-- Opening Marker --
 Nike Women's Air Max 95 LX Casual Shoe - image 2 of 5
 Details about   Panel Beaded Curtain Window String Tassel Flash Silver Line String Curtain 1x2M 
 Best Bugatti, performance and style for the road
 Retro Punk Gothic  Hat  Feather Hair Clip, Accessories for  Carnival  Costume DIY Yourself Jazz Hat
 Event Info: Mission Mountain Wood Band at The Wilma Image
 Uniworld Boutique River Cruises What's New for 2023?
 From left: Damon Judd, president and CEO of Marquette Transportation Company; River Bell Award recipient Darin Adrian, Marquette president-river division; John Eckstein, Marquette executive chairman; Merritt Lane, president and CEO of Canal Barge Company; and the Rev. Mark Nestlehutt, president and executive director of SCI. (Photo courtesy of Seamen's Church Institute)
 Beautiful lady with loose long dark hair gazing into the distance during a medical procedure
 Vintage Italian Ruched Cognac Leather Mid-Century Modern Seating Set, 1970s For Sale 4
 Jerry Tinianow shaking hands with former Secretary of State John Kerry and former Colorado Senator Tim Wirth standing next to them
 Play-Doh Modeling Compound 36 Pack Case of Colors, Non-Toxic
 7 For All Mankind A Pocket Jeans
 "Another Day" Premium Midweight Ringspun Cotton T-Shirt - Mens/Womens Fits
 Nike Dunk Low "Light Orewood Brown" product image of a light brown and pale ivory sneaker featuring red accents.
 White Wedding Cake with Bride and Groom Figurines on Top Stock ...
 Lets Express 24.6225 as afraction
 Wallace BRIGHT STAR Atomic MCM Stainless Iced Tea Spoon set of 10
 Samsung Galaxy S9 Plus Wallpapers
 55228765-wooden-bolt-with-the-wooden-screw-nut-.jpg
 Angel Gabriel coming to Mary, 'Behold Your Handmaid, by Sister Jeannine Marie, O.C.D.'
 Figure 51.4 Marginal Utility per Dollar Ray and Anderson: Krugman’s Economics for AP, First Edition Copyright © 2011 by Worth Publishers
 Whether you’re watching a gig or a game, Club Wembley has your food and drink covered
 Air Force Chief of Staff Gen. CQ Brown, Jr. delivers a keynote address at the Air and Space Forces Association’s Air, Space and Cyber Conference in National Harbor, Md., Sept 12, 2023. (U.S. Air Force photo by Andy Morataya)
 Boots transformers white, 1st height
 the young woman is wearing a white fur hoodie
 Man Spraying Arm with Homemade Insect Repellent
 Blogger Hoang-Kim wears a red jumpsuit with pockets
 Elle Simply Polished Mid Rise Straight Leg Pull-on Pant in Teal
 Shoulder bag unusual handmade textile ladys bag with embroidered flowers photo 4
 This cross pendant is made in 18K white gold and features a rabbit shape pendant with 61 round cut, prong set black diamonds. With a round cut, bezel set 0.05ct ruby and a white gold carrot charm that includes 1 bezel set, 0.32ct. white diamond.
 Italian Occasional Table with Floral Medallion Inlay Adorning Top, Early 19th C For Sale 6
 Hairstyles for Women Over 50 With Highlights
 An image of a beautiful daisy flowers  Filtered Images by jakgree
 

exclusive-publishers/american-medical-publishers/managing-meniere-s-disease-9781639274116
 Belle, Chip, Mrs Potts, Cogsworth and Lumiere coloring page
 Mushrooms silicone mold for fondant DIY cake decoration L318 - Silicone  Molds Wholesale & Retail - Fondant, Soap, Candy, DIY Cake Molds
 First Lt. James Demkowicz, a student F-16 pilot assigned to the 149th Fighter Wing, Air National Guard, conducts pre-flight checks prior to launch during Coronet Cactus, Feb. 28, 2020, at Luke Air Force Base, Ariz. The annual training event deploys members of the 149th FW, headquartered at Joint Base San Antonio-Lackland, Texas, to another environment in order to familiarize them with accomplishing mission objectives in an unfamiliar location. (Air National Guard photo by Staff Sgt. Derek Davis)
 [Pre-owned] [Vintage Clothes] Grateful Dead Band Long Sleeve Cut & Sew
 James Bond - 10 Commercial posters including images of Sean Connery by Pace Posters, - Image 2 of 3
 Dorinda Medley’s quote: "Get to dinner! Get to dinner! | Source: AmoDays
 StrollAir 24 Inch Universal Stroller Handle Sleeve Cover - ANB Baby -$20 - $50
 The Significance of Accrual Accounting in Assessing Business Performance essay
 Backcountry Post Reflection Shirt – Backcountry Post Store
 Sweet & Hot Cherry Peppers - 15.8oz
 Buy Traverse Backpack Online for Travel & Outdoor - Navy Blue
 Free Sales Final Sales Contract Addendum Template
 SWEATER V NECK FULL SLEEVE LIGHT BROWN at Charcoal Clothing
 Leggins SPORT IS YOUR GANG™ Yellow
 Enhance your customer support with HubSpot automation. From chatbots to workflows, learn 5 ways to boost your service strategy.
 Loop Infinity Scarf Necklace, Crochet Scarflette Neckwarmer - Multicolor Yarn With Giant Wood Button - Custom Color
-- Closing Marker --
EXERCISE DETAILS => Although the records may continue, retype only the lines from the first one through the one containing "Uniworld Boutique River", exactly as they appear.

TASK RESULT =>
 Nike Women's Air Max 95 LX Casual Shoe - image 2 of 5
 Details about   Panel Beaded Curtain Window String Tassel Flash Silver Line String Curtain 1x2M 
 Best Bugatti, performance and style for the road
 Retro Punk Gothic  Hat  Feather Hair Clip, Accessories for  Carnival  Costume DIY Yourself Jazz Hat
 Event Info: Mission Mountain Wood Band at The Wilma Image
 Uniworld Boutique River Cruises What's New for 2023?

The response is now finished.